Taiwanese physician scientist

Yuan-Tsong Chen (陳垣崇; born September 24, 1948) is a Taiwanese molecular geneticist and physician known for his research on human genetic disorders. He is a professor of molecular genetics and microbiology at Duke University and a distinguished research fellow at Academia Sinica.

== Early life and education ==
Chen was born in Taipei on September 24, 1948. His father, Chen Chiung-lin (1917–2015), was a pediatrician at National Taiwan University Hospital.

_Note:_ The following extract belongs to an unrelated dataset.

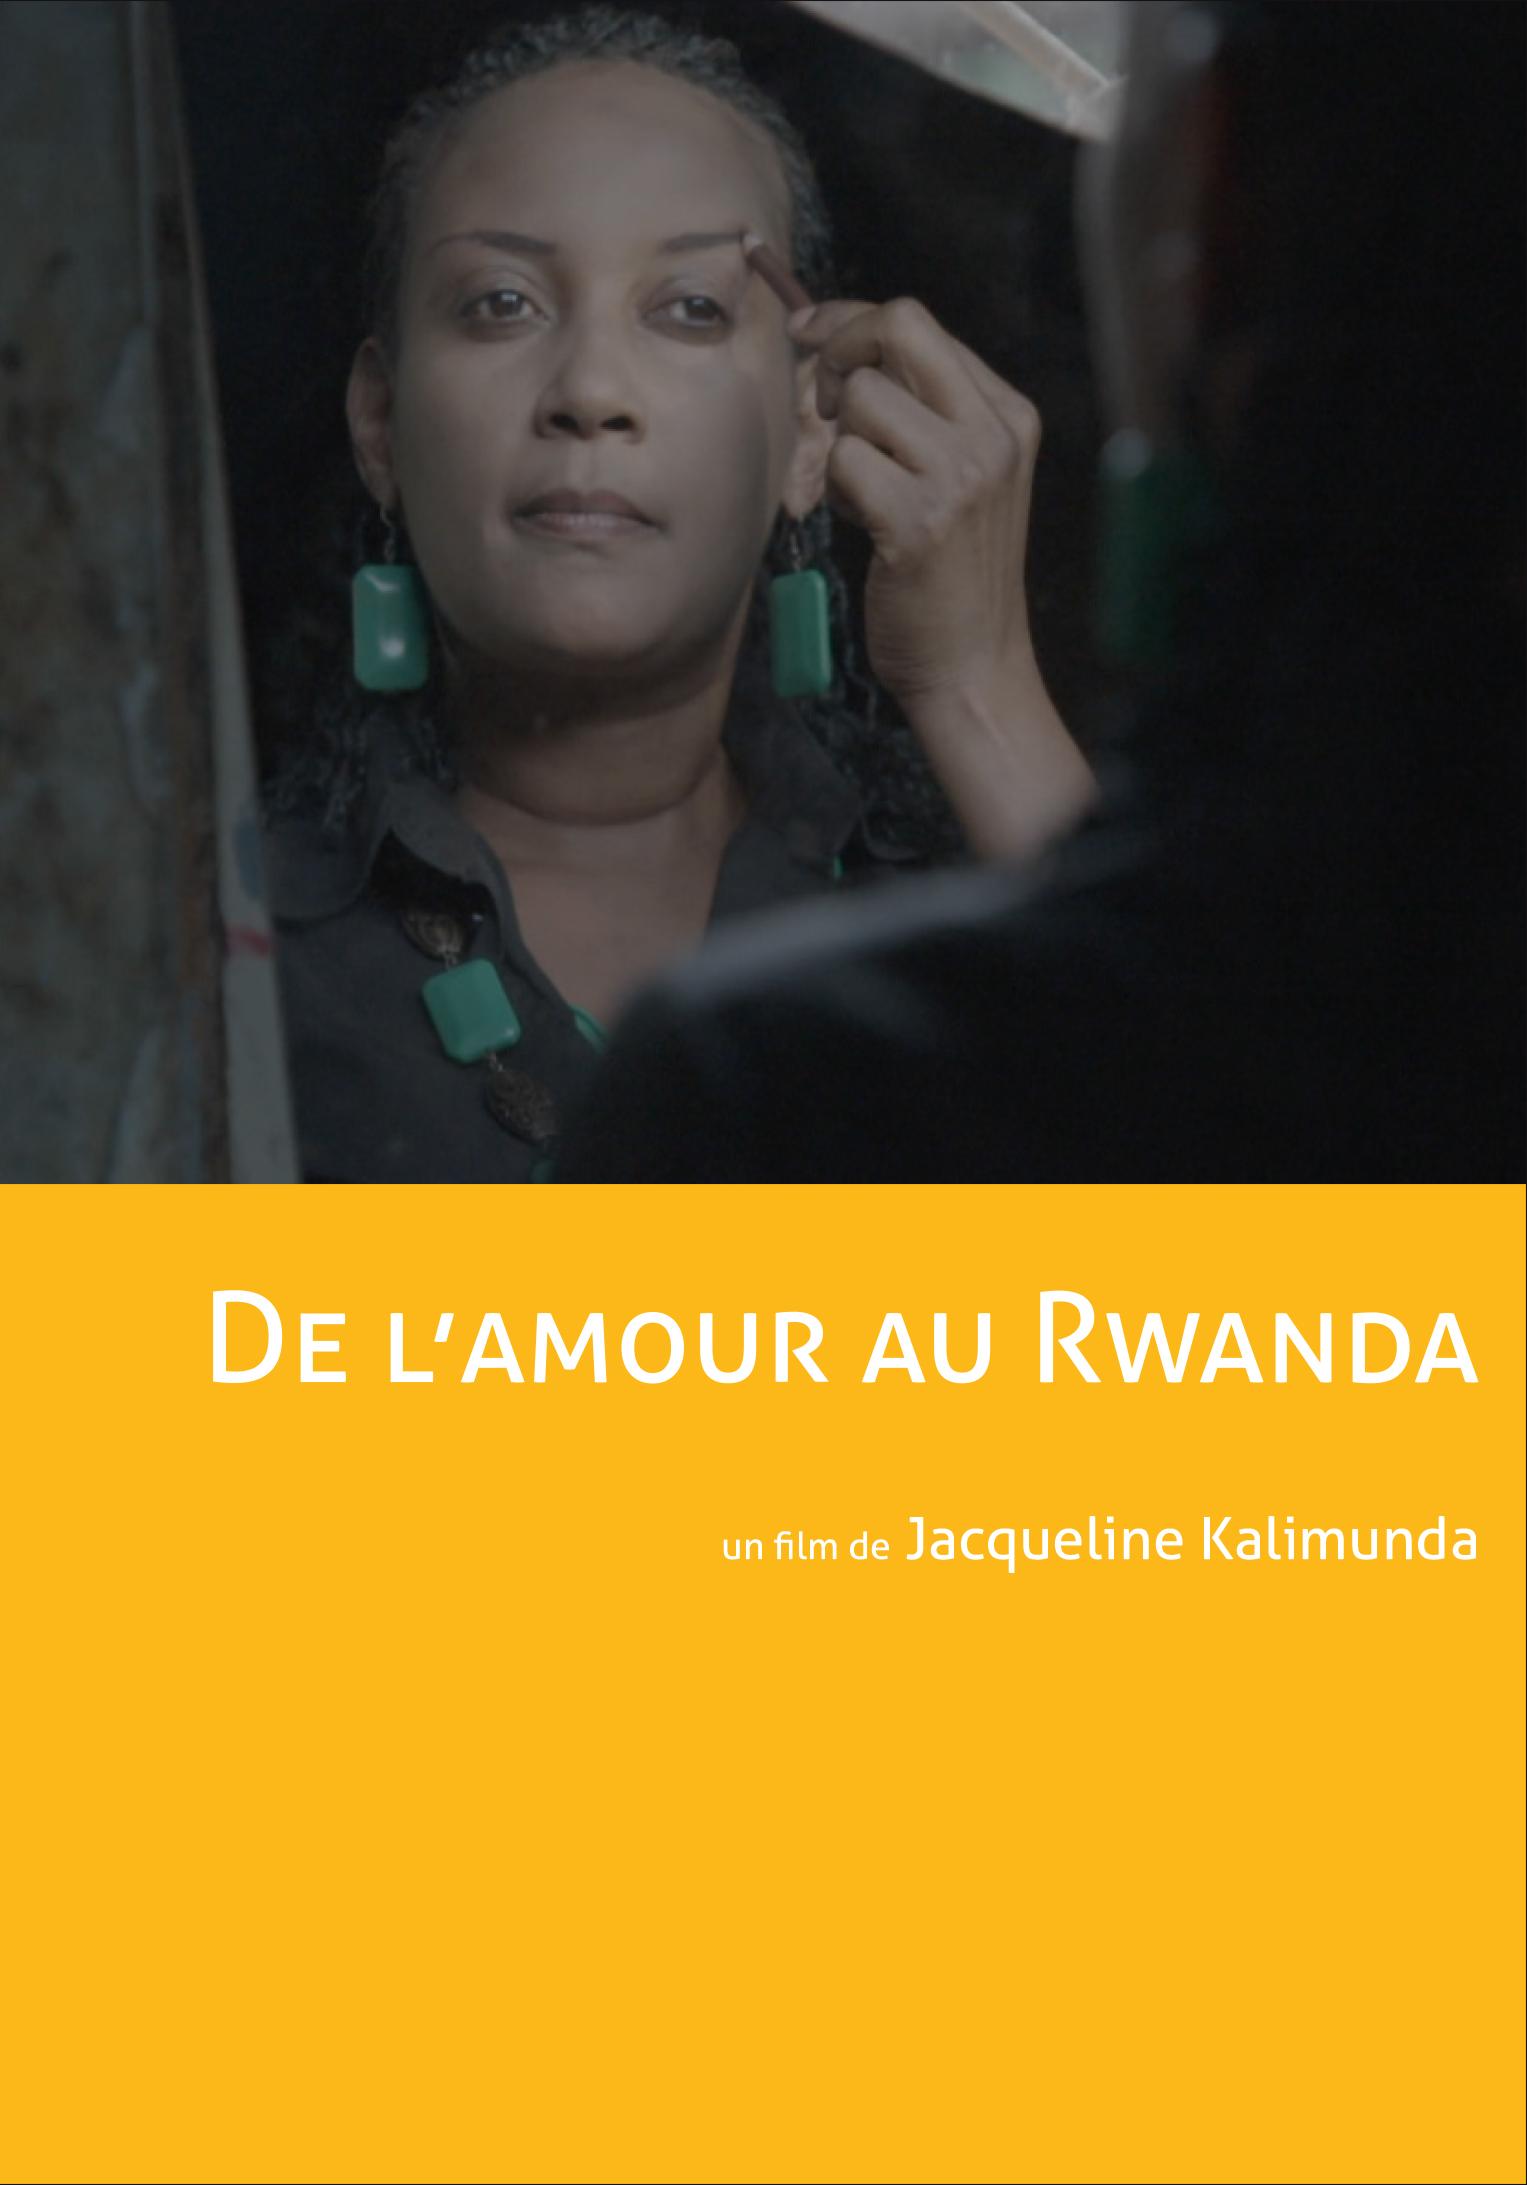 DeLAmourAuRwanda.jpg

After graduating from Taipei Municipal Chien Kuo High School in 1966, Chen attended medical school at National Taiwan University, where he earned a Doctor of Medicine (M.D.) in 1966. He then earned his Ph.D. in human genetics from Columbia University in 1978. His doctoral dissertation was titled, "Studies on human tissue-restricted cell products: The effect of chromosome dosage on gene expression".

== Academic career ==
Chen is a distinguished research fellow at Academia Sinica, where he was the director of the Institute of Biomedical Sciences from 2001 to 2010. He is also a professor of pediatrics at Duke University, where he has taught since 1993. Chen was a 2019 awardee of Taiwan's Presidential Science Award, as were Yuan-Pern Lee and Wei Fu-chan.

==Research==
Chen's scientific achievements include drug development of recombinant enzyme replacement therapy for Pompe disease, an enzyme-deficiency disorder that causes muscle damage, cardiorespiratory failure and in its severe infantile form, death by 2 years of age. The drug, eventually named "Myozyme", was further developed by Genzyme and received the regulatory marketing approval in Europe and USA in 2006. The story of a father searching for a treatment for his two children with Pompe disease and the development of this rug has been adapted to a film entitled Extraordinary Measures featured Harrison Ford and Brendan Fraser. Chen's research into the disease helped Taiwan develop screening for newborns with Pompe disease, the first nation in the world to offer such medical testing.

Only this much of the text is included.